# Solved: Unable to Extract Zip Files



## MaraKat (Jan 5, 2011)

Okay...where to start...

Firstly, I have been able to extract zip files before now. I have also downloaded files from this provider without any trouble in the past. I'm using Windows XP.

In this case, I have purchased two music downloads. They are the artist's side project, so he uploaded the zip folders to mediafire. I downloaded the folders, and am able to open them and view the files inside. When I tried to extract the files, the wizard asked me for a password. I e-mailed the artist, who said that the files were not password protected. He wasn't sure what the problem was, but recommended that I try WinZip. When I try to extract the files, WinZip gives me the following message:

The following invalid folder name was encountered in the archive: ""DIES "Talons"\"" 
This folder and any files in it will not appear in the main WinZip window, but you may still be able to extract it by choosing ""All files"" in the Extract dialog. For more information, click on Help or press F1.

It will give this message for every subfolder and file within the main zip folder. I looked through the help contents and at the online help without any success. I re-dowloaded the folders, but nothing changed.


----------



## hewee (Oct 26, 2001)

Is it a file that you can post a link to so I can try to unzip it?


----------



## MaraKat (Jan 5, 2011)

Ooh.

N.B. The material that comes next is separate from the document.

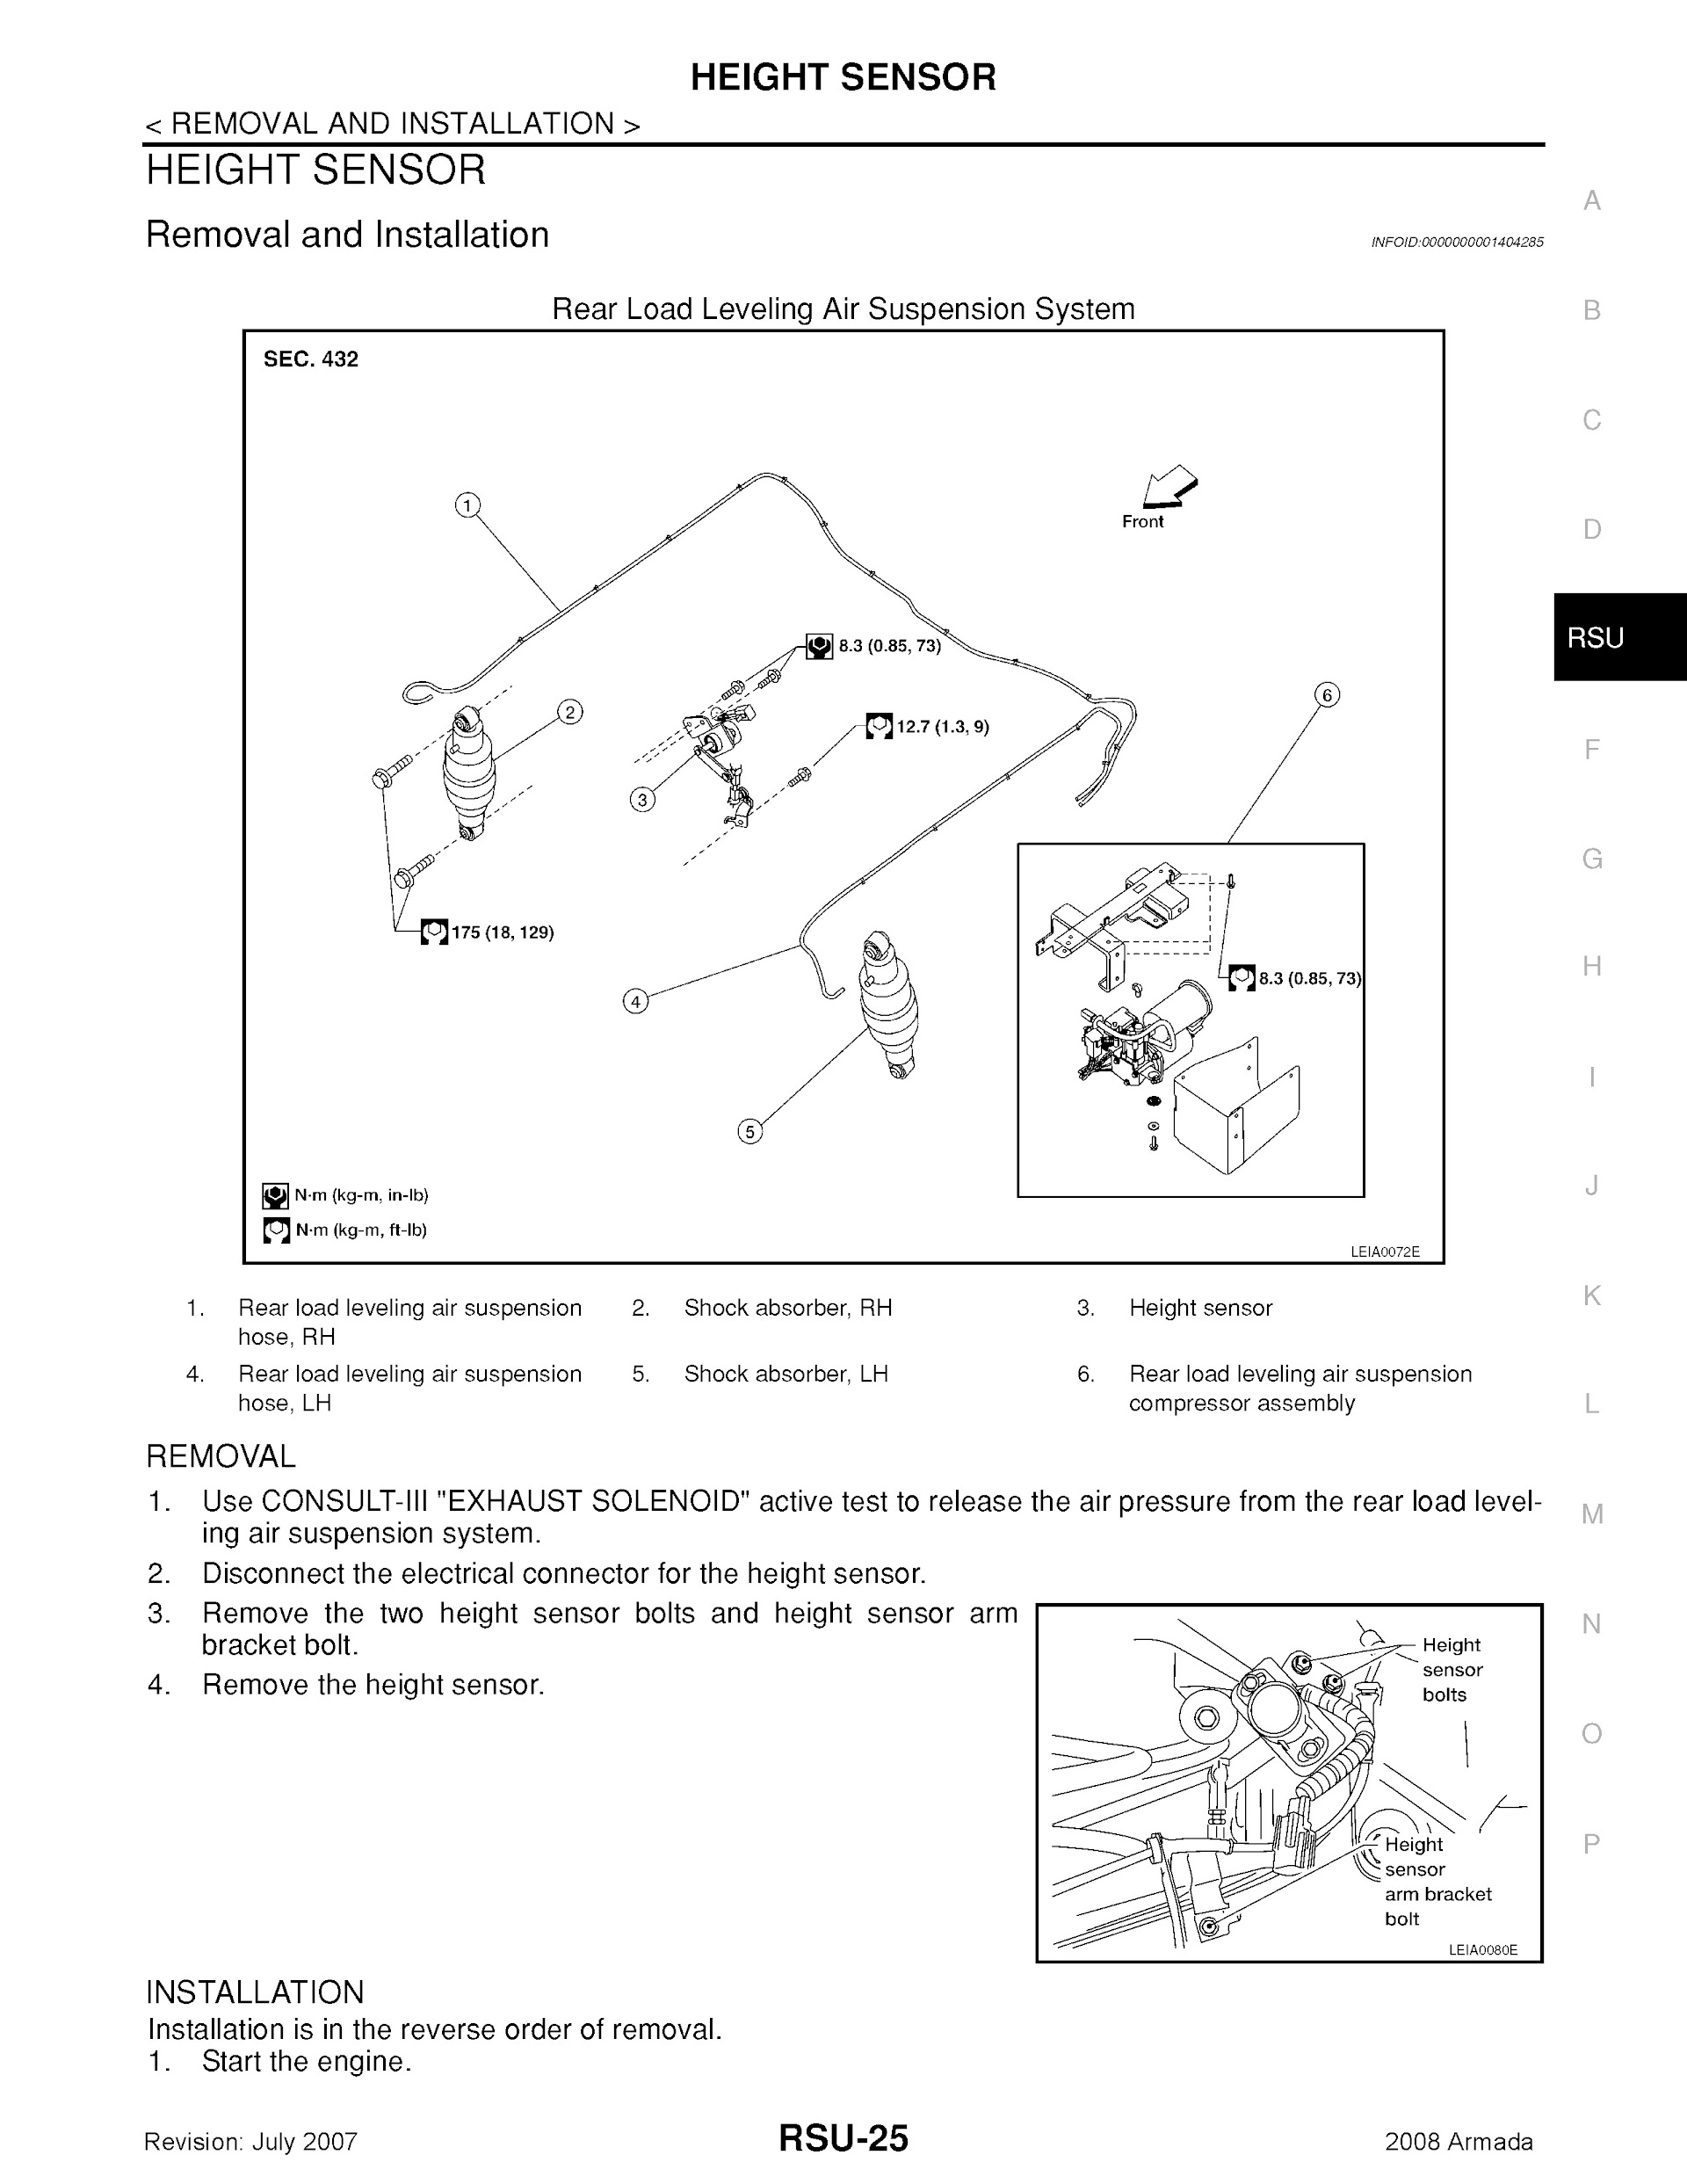 2008 Nissan Armada Repair Manual, Height Sensor

I don't want to hinder you, but I think that would fall under unauthorized sharing of the music. The e-mail containing the links has an anti-piracy statement in big bold letters.


----------



## hewee (Oct 26, 2001)

OK then try another zip program. 
7-Zip is free.
http://www.7-zip.org/
7-Zip Portable
http://portableapps.com/apps/utilities/7-zip_portable
and
IZArc
http://www.izarc.org/
IZArc2Go is a portable version.



> "IZArc is a free archiving tool that suports many archive formats like: 7-ZIP, ACE, ARC, ARJ, BH, BZ2, CAB, DEB, GZ,HA, JAR, LHA, LZH, PAK, PK3, RAR, RPM, TAR,TGZ, TZ, ZIP and ZOO. It allows you to drag and drop files from and to Windows Explorer, create multiple archives spanning disks, view and write comments and *there is an integrated password detector, allows you to find the passwords of one password protected zip file*. IZarc has built-in multilanguage support."

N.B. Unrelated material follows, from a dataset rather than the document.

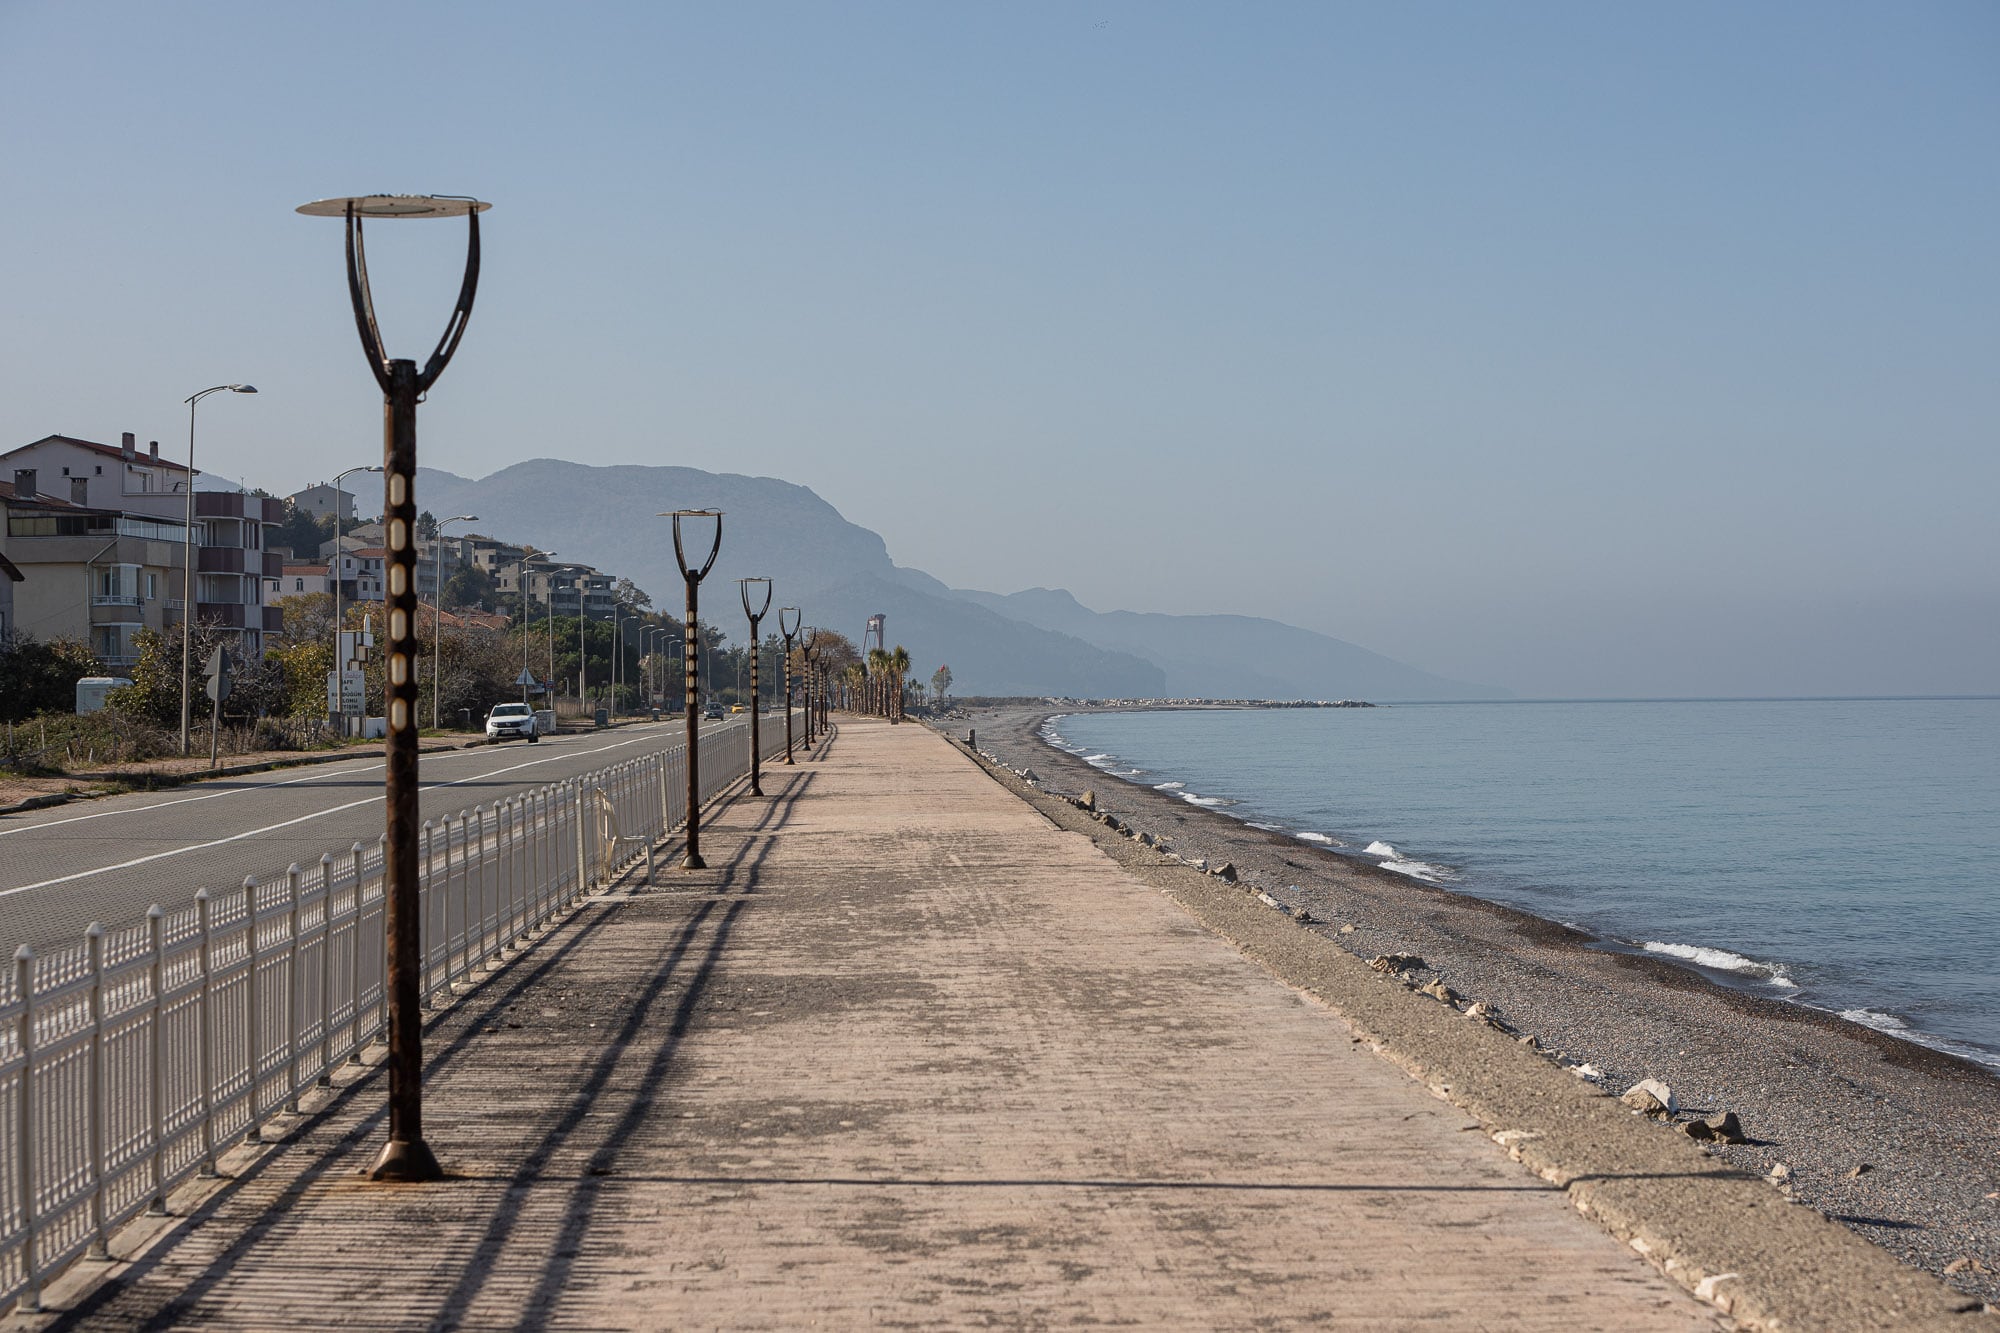 beach promenade to walk from Cide to Gideros

Not sure how that works or if it helps. It is not hacking so it will not break the pass protection.


----------



## MaraKat (Jan 5, 2011)

7-Zip worked! At last! (IZArc encountered errors extracting the files, if that's interesting to you).

Thank you so much for your help.


----------



## redoak (Jun 24, 2004)

I use "7-Zip" with ongoing satisfaction. Make it you preferred program for handling zip files.

Click on "Solved" in the upper left of your screen. This will be appreciated by others.

{redoak}


----------